More recently one particular view within the subtitionary atonement view has been out of fashion. Namely the penal substitutionary, this is partly because it has previously been so popular and central that it is almost the only one evangelicals could articulate. The penal substitionary view is basically that we, humans have guilt from our sin which God the Father must judge and so He sends Jesus to take on that sin and punishment in order for us to be set free.
The unfortunate thing about this simplistic explanation of penal substitionary atonement is that God the Father comes out looking like a pretty un-good God who is angry and needs a place to take out his anger, which ends up being on his son.

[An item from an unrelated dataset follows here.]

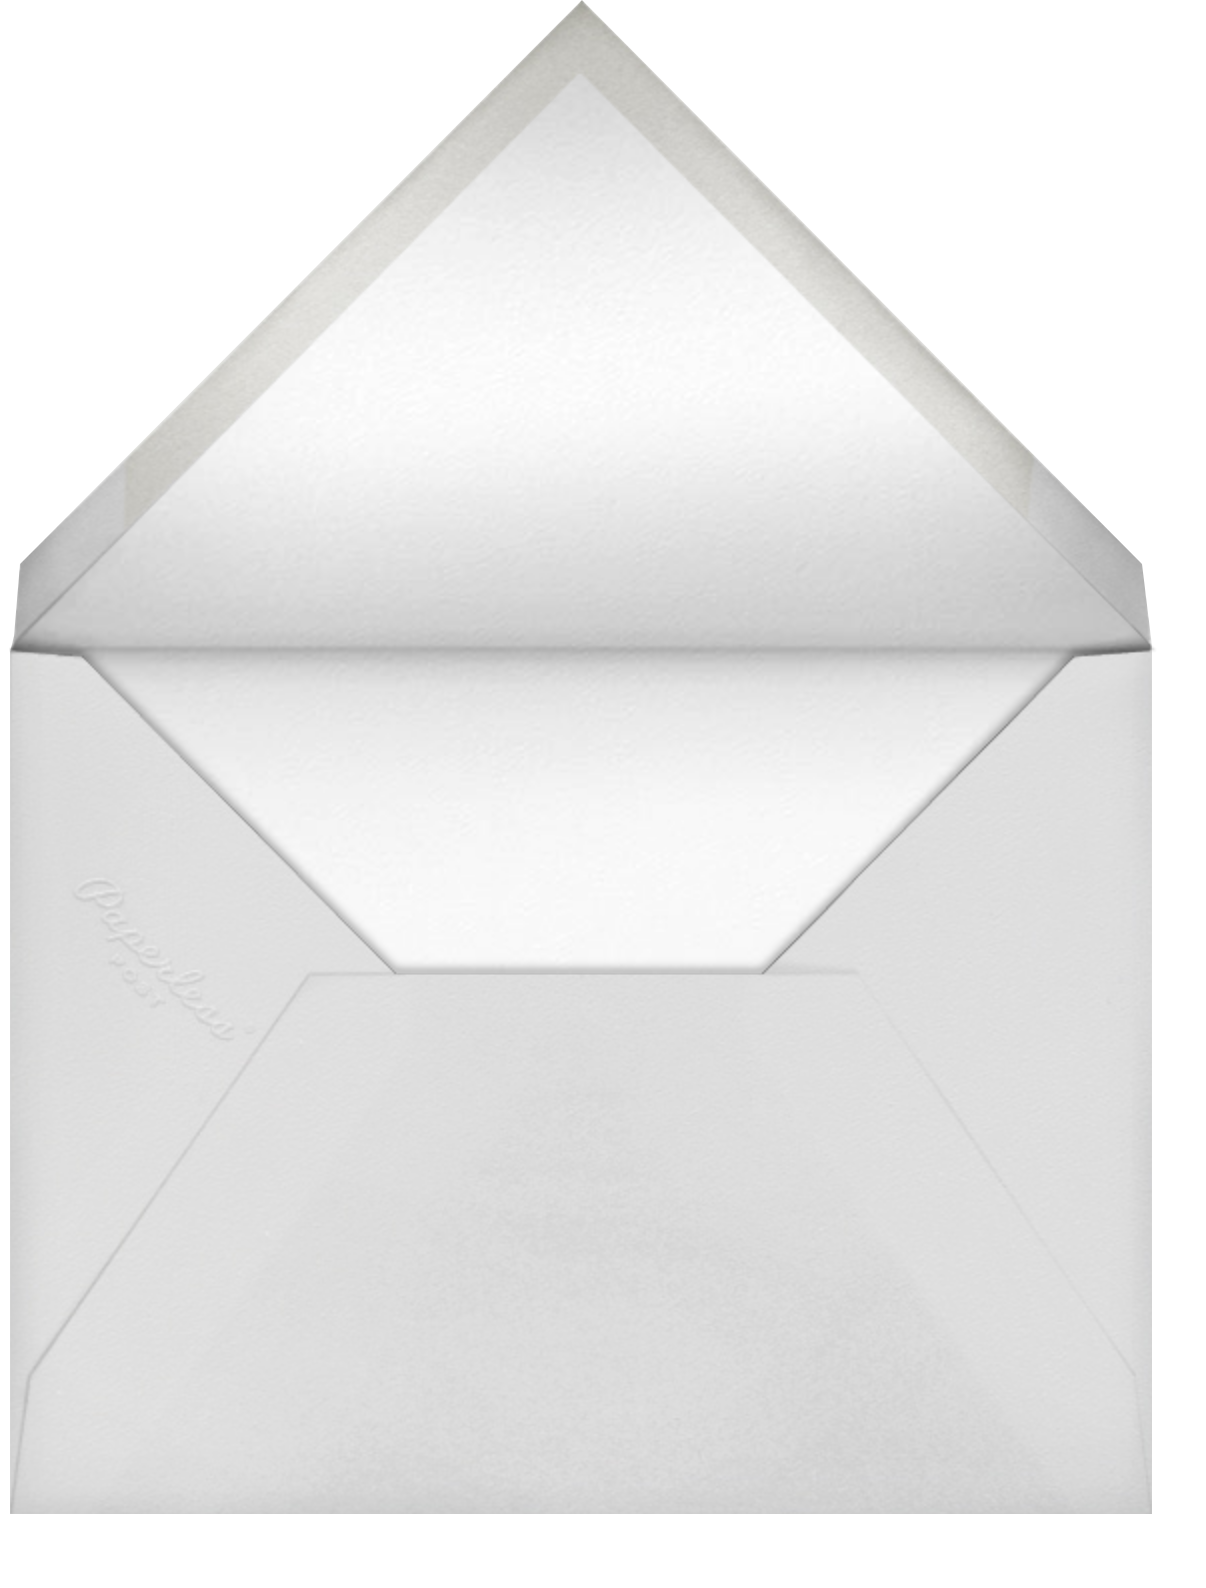 Stella and Dot - Tiger - Paperless Post - Envelope
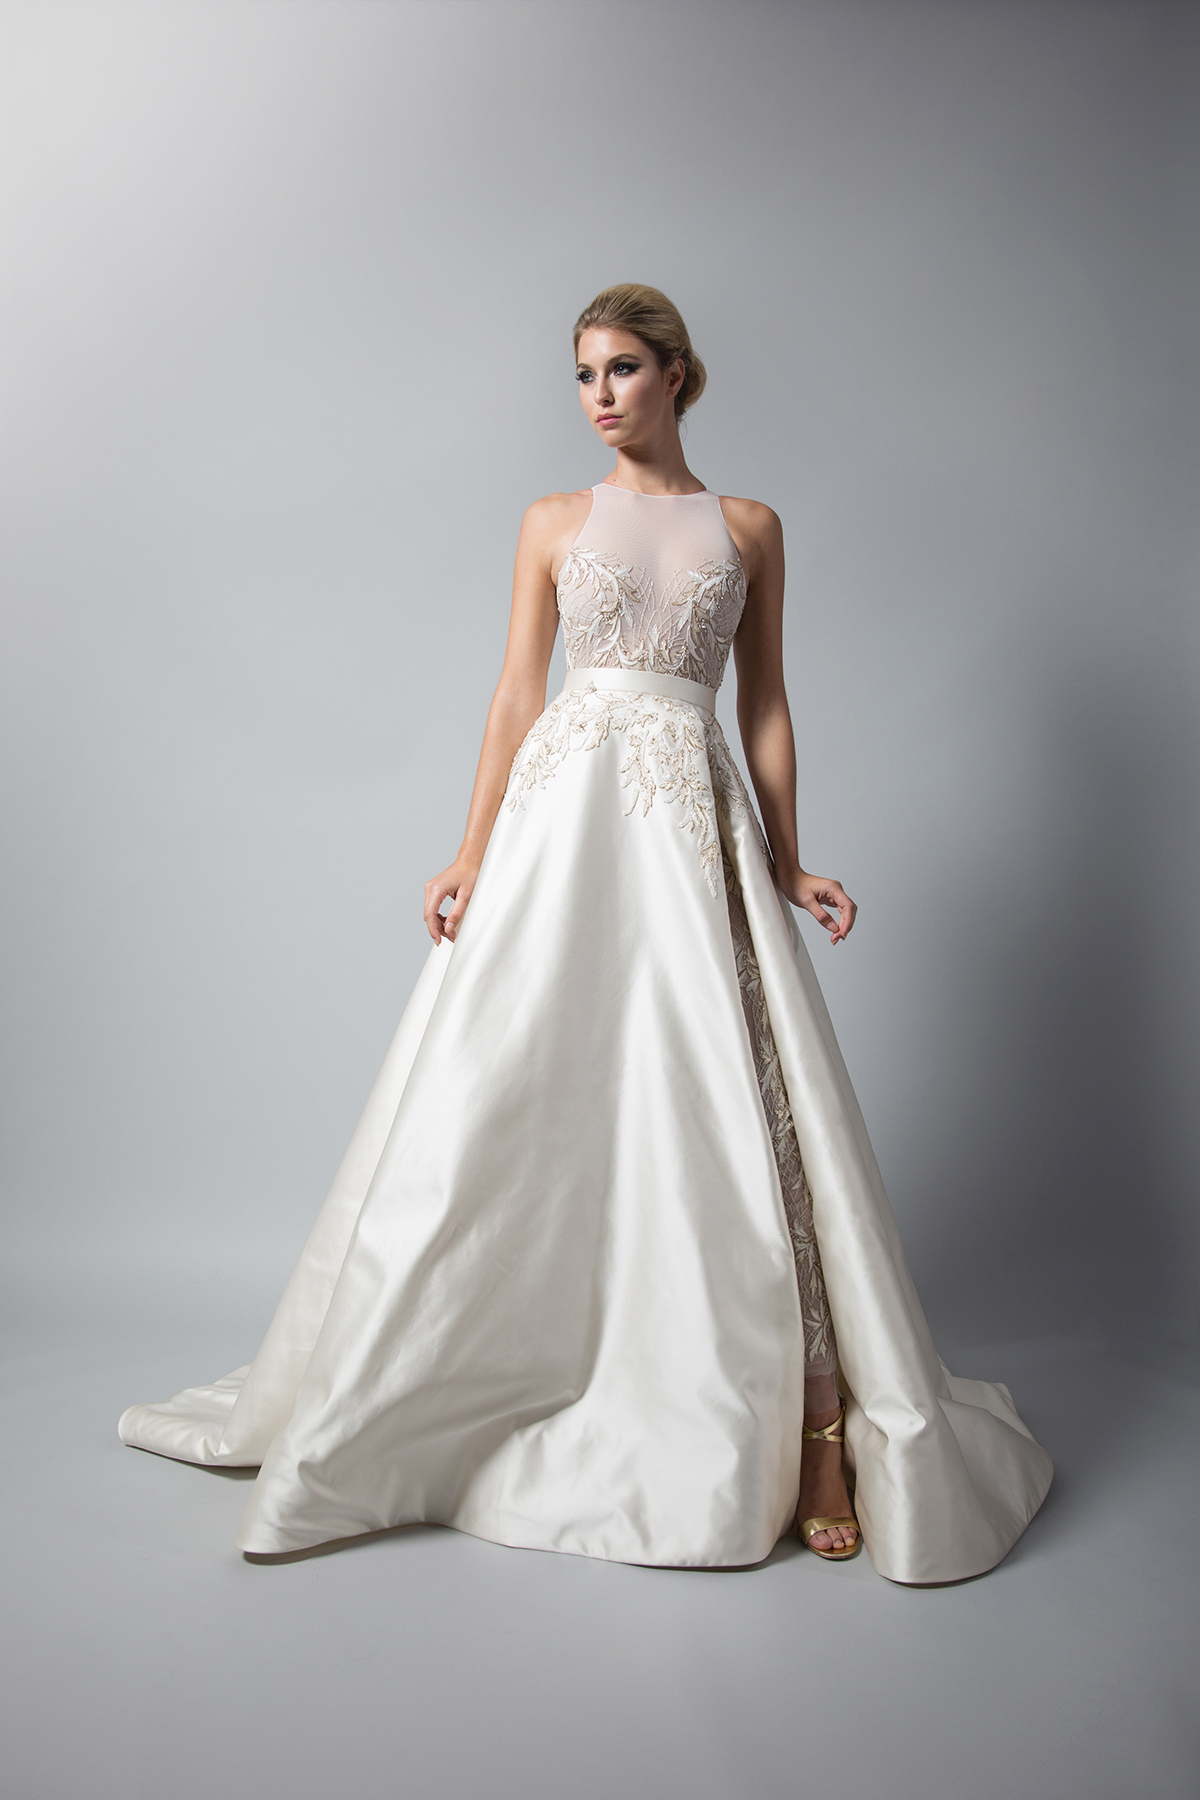 randi rahm high neck a-line wedding dress fall 2018

Not the rendering of the Gospel that sits well with most.
Now I knew that smart, sincere and pious people have been involved in formulating, articulating and defending this view, so I knew that there must be a much more articulate and well-reasoned way of unpacking this view of atonement. Well, now I came across one in a quote I happened across from Miroslav Volf;
Let us beware that some accounts of what it means for Christ to have died on behalf of the ungodly—what theologians sometimes call his “substitutionary” death—are deeply problematic. If we view Christ on the cross as a third party being punished for the sins of transgressors, we have widely missed the mark. For unlike a financial debt, moral liability is non-transferable. But Christ is not a third party. On account of his divinity, Christ is one with God to whom the “debt” is owed. It is therefore God who through Christ’s death shoulders the burden of our transgressions against God and frees us from just retribution. But since on account of Christ’s humanity he is also one with us, the debtors, it is we who die in Christ and are thus freed from guilt. Christ’s oneness with both creditor and debtors leaves only two categories of “actors” and thus negates the notion of his involvement as a third party. (Miroslav Volf, “The End of Memory”, p.117)
If that left your head spinning, then here is gist; Christ is not the third party and God is the second party who is expressing his anger, God is Himself taking on the debt. Every act of one member of the trinity is an act of them all. Therefore God takes on implication of the wrong that we have done, He does not transfer it to another somehow.
Finally, I’m sometimes asked which view of the atonement I believe in, to which I fustratingly answer, “all of them’. It seems to me you can proof text your way to back them all. This is much like the elephant that three blind men are asked to describe by touch, and then insist the part of the elephant they can feel is that inherent defining aspect of the elephant.
We read and experience aspects of the overwhelming size of Christ’s atoning work and then get stuck arguing for our perceptions. Instead of an either/or dilemma I think to many atonement theories we can say both/and.
McKnights’ A Community Called Atonement is a really helpful primer in atonement theory. It has at its heart the metaphor of a golf bag containing a number of clubs. You pull out the club appropriate for the situation and you can’t really play the game without a full bag of clubs.